Should we be using Instagram? How about Snapchat? Can we make one of those viral videos?
Stop! Please, for the love of all things water, stop. Also, breathe and know you are not alone. Lots of good companies are asking these very questions, and it is not that they are inherently bad questions. They are just the wrong ones.
Drowning in Noise
Your customer hears, reads or sees more than 5,000 commercials per day, according to Yankelovich and Sons.
On average, 18- to 24-year-old adults in the U.S. send and receive 3,853 text messages per month, according to Experian Marketing Services. In 2016, disengaged workers cost U.S. companies more than $450 billion, according to Gallup. Right now, amidst all those distractions, you should not be worried about your media channels—at least not yet.
You should double check to make sure you are walking the talk—that you have a message that matters. You should look at your marketing, not just your advertising.
Differentiating Marketing & Advertising
Advertising is a subset of marketing. Our firm considers any investment into a media channel to be advertising. Marketing is much broader, and it is much more important. Our firm considers any interaction with any customer or potential customer as marketing.
Your advertising, your trade show display font size and the way your company phone is answered? They are all marketing. If you have service vehicles, the way they are wrapped and their cleanliness are also part of marketing.
Every time someone comes into contact with some aspect of your company, his or her opinion of you is raised or lowered. This means everyone in your company is a member of the marketing department. Does this excite you or terrify you?
Core Values
We stand for integrity and honesty! Yes, I know. You know how I know? Over nearly a quarter-century of consulting hundreds of companies, I have never met one that stands for sleaziness and rat-faced lying.
I am not saying values are not important. In fact, your company’s core values should be the foundation of everything you do. But, as my father used to say, “Son, don’t tell her you’re courteous. Open her door.”
Walk the Talk
To succeed in having your messages and marketing cut through the hazy fog of 21st century noise, you must make sure your values are, in fact, your values.
It is one thing to throw five to seven impressive words up onto a poster, stick it on your website and post it around your office. It is another to make sure you have systems, policies, procedures, warranties, assurances and experiences that truly reflect those values.
Do you? And do you have those true reflections not just for customers, but also for your team? If you are not walking the talk to your most important customers—your team—how can you expect your team to walk the talk with customers?
Sign Your Name
Seriously. Grab a sheet of paper and sign your name. Now, switch hands and do it again. I use this exercise in webinars and workshops to show people how deeply ingrained your values already are inside you.
Much like your signature, you have been developing your values since you were a child, and your company is a reflection of your image, or the image of someone or a small group of someones.

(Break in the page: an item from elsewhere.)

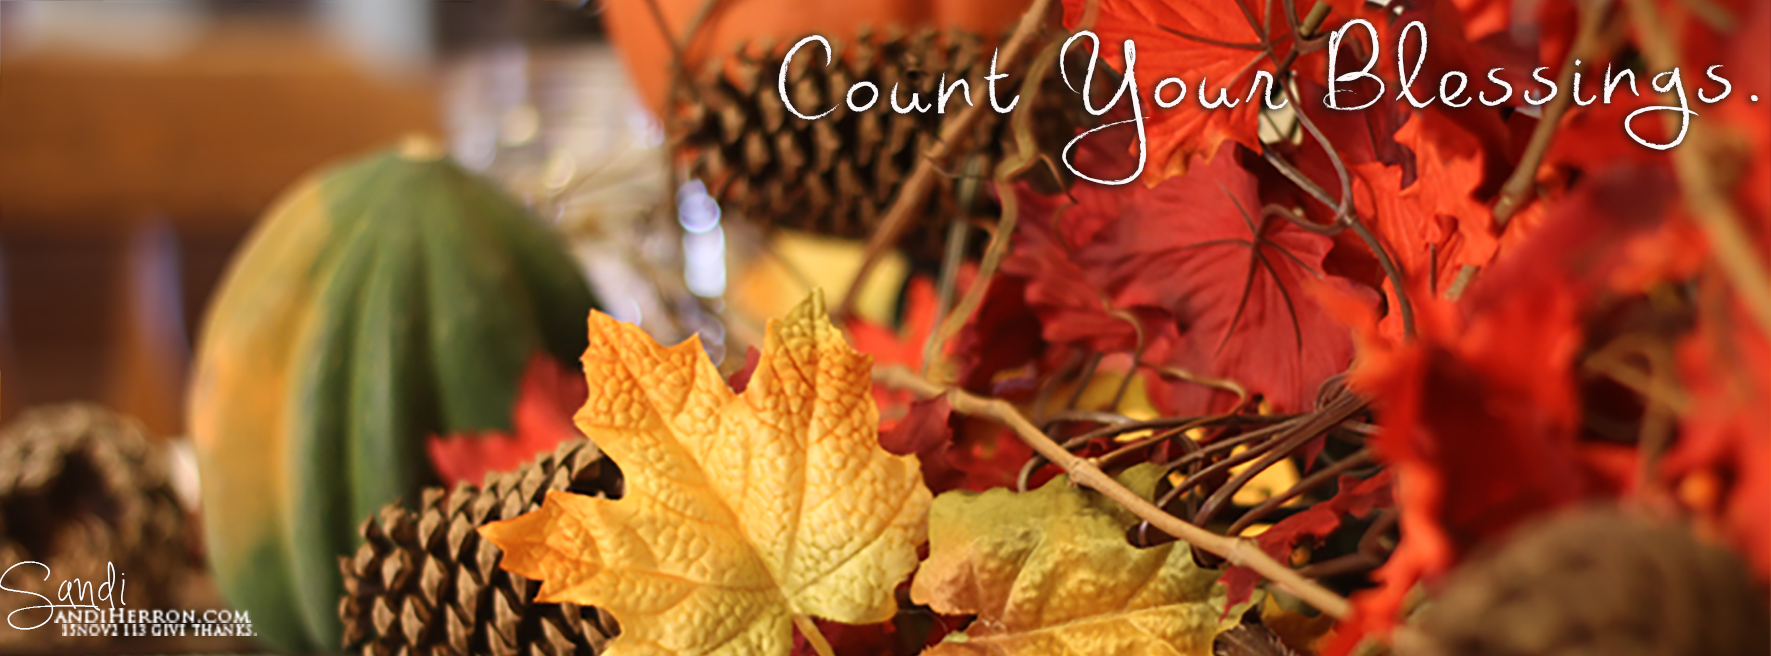 Thanksgiving Pictures For Facebook Cover

You cannot wish the right values onto your company. You cannot hire an agency to tell you what your values should be. Your true core values can only be uncovered by the people who know you best. Oz never did give nothing to the Tin Man, as the old song goes.
A Company Secret
I am going to give you a tool we have refined over the past five years to help uncover your company’s true values.
Conduct a survey of your employees. The slightly more daring of you also will survey your best customers. First, ask them which three words best describe your company. Do not tell them you are going to burn all these words in a dumpster. You see, you first have to let everyone get the words they think you want to hear out of their system. Magic happens in the fourth word.
On a second page of the survey, ask: “Now, I want you to choose a fourth word (please take a little time to think about this) that describes us just as well as the first three words you chose, but make it a word no one else we are surveying will choose. Then, tell us why you think that word describes us.”
Prepare to be amazed as the curtain pulls back on the real you and on your company. I gave you that incredibly useful tool because one of our company’s core values is generosity. It comes from my parents, and it has been growing in me since long before I started helping companies professionally. A long-standing company policy is that we freely share 93% of the tools, techniques and tactics we have developed or learned in our years of service to companies.
We know that by giving generously, we will attract companies that also appreciate generosity because like values attract like values, and companies that would like to know the 7% of stuff we do not freely share.
See? That is marketing, and when you have strong marketing, it is simple—although not necessarily easy—to create powerful messaging. Messaging matters, but every media channel can work when you look first at the consistency with which all of your marketing mirrors your values.
Do not tell us you are courteous. Open our door.